Chainload Grub2 EFI from ESP

actually? We have seen some issues in the past, the template has been vastly improved in Foreman 1.21 RC.

(Please consider using formatting for snippets this is unreadable.)

crashdog · February 2, 2019, 9:30am

Hi,
I’m not shure if I really solved that. This menu appeared during try and error when I had pointed my tfpt to an Centos iso mount. I then changed it back to the directory where I have the foreman files deployed. There I got the expected installation menu.
Cheers

(thank you for fixing the formatting. I was rushing it a bit and have to get used to his editor.)
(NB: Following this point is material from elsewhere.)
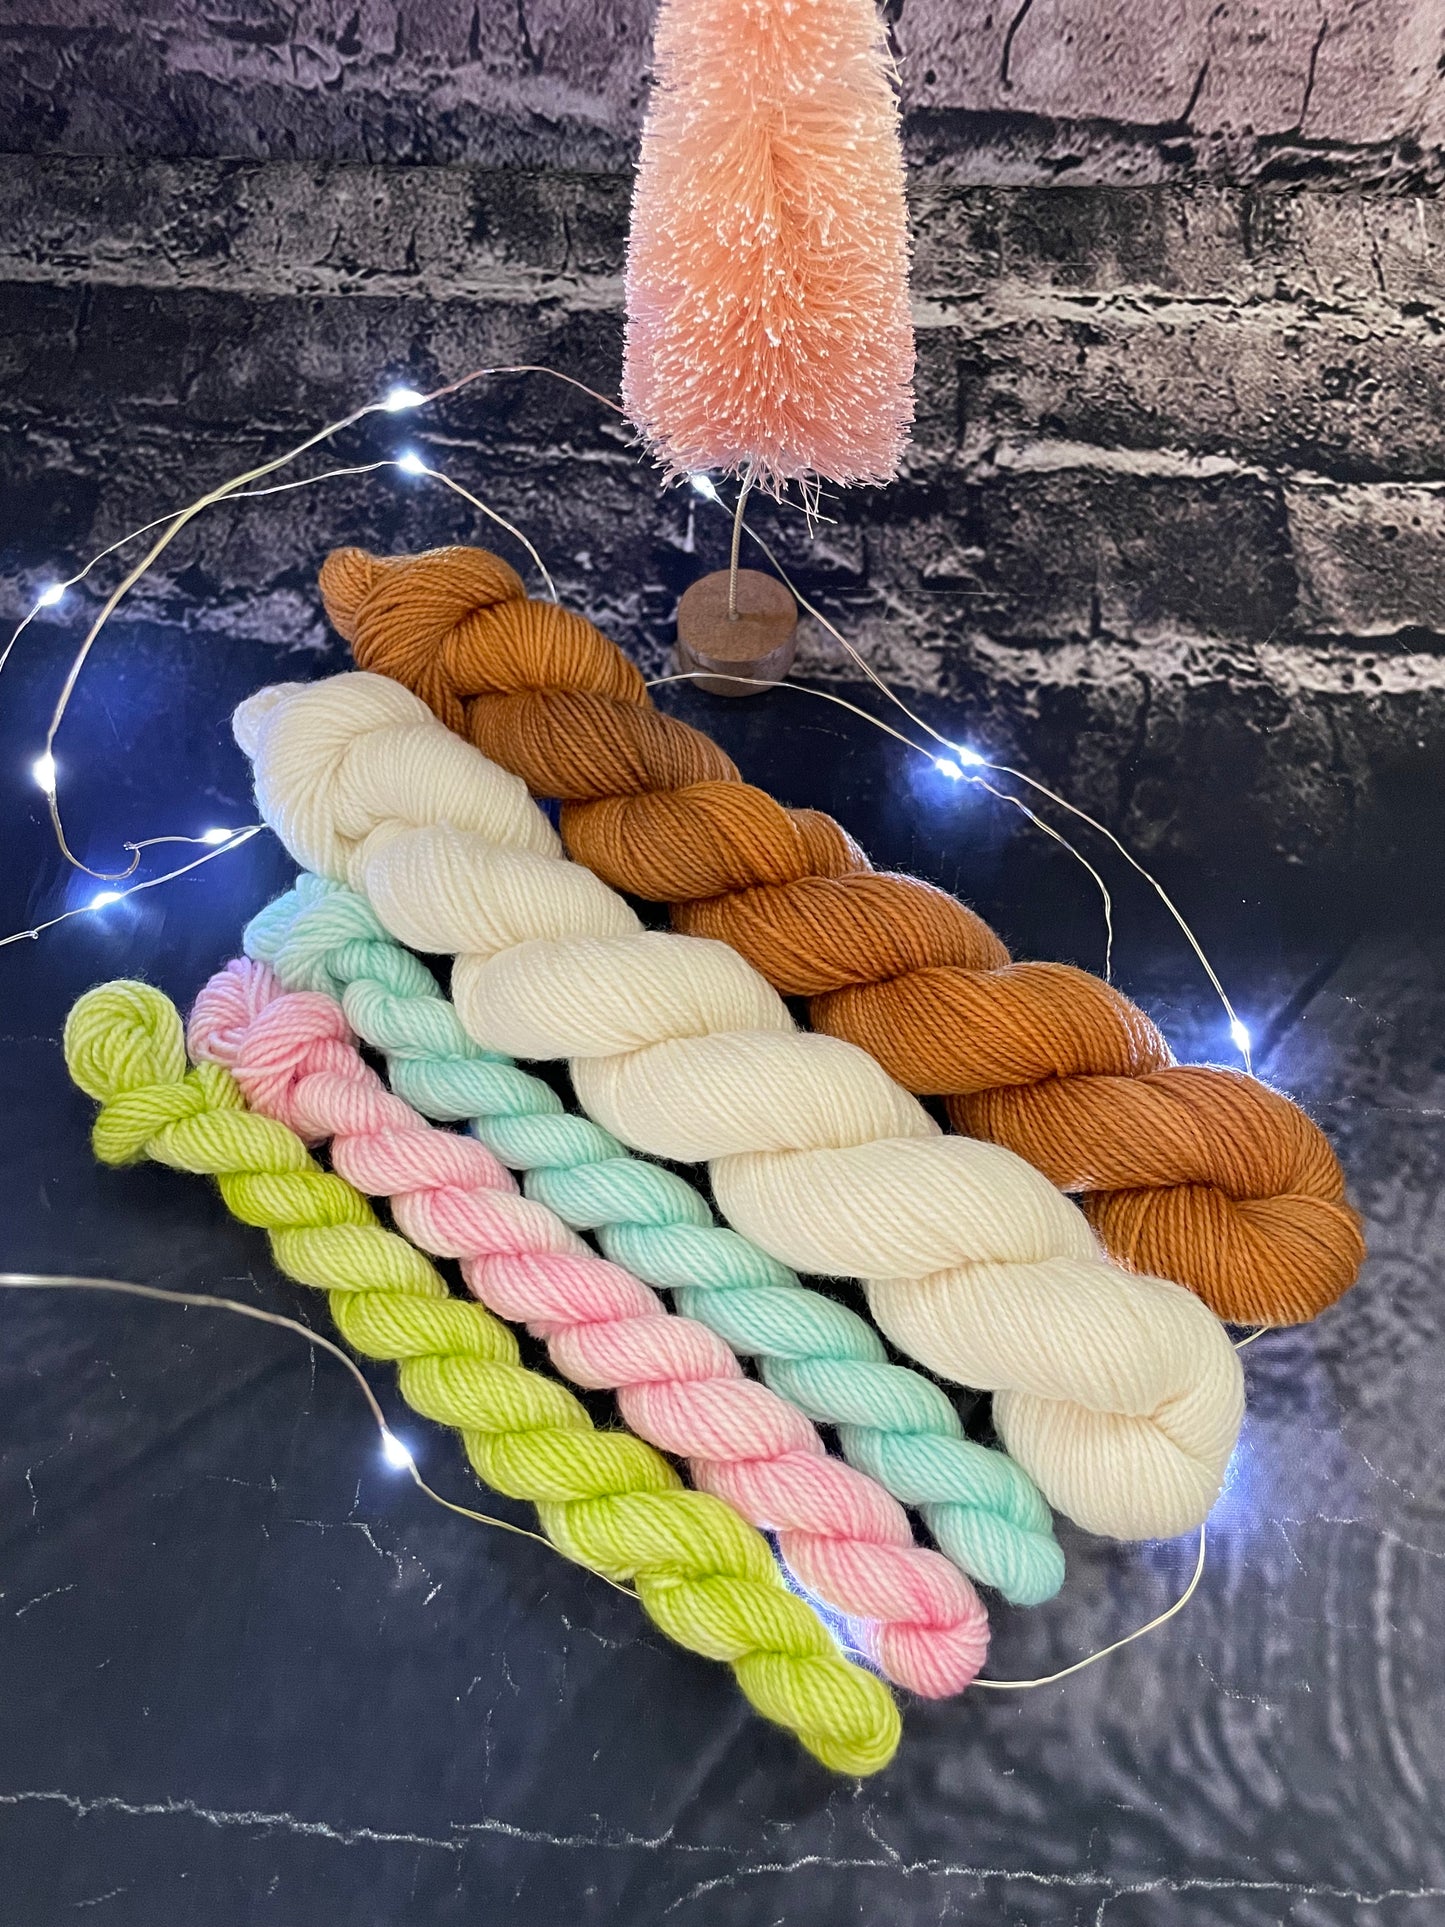 Gingerbread House Sock sets on Lush fingering 2 ply ...please choose set from menu
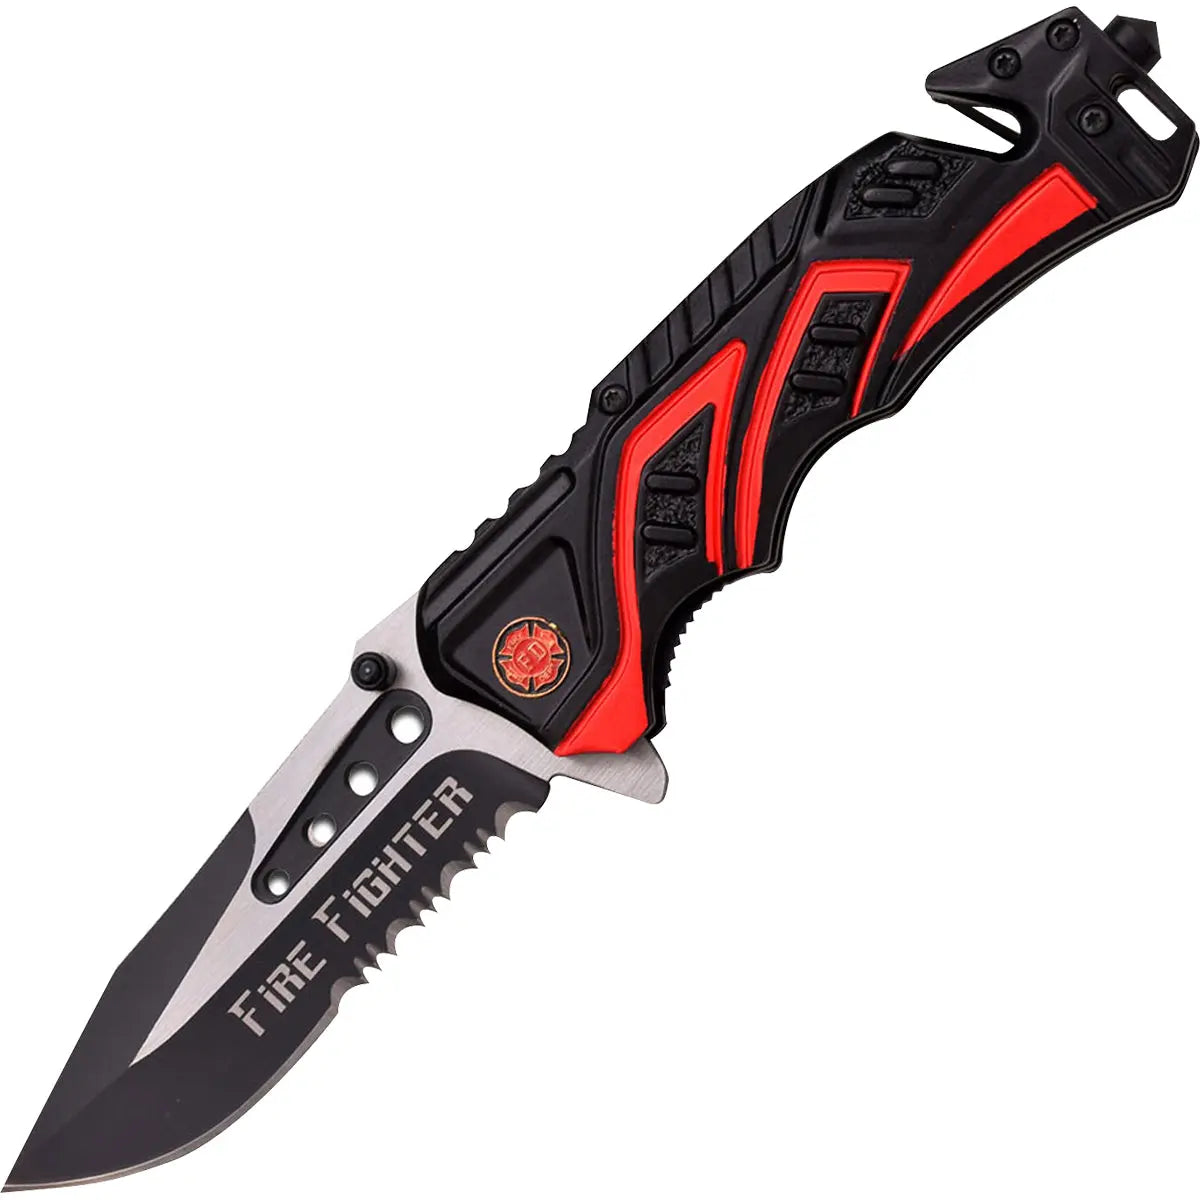 MTech USA Rescue Linerlock Spring Assisted Folding Knife, Fire Fighter MT-A865FD M-Tech

lzap · February 5, 2019, 9:17am

I would love to help but this report is a mess. Try to isolate separate problems and provide useful information. I understand that Foreman is a complex project, you need to spend time with it unfortunately. There are companies providing consultancy and there are several commercial products if you don’t have time however.

crashdog · February 5, 2019, 11:47am

I’ve sorted out all issues that I had. Feel free to delete my two posts. Thank you for your patience.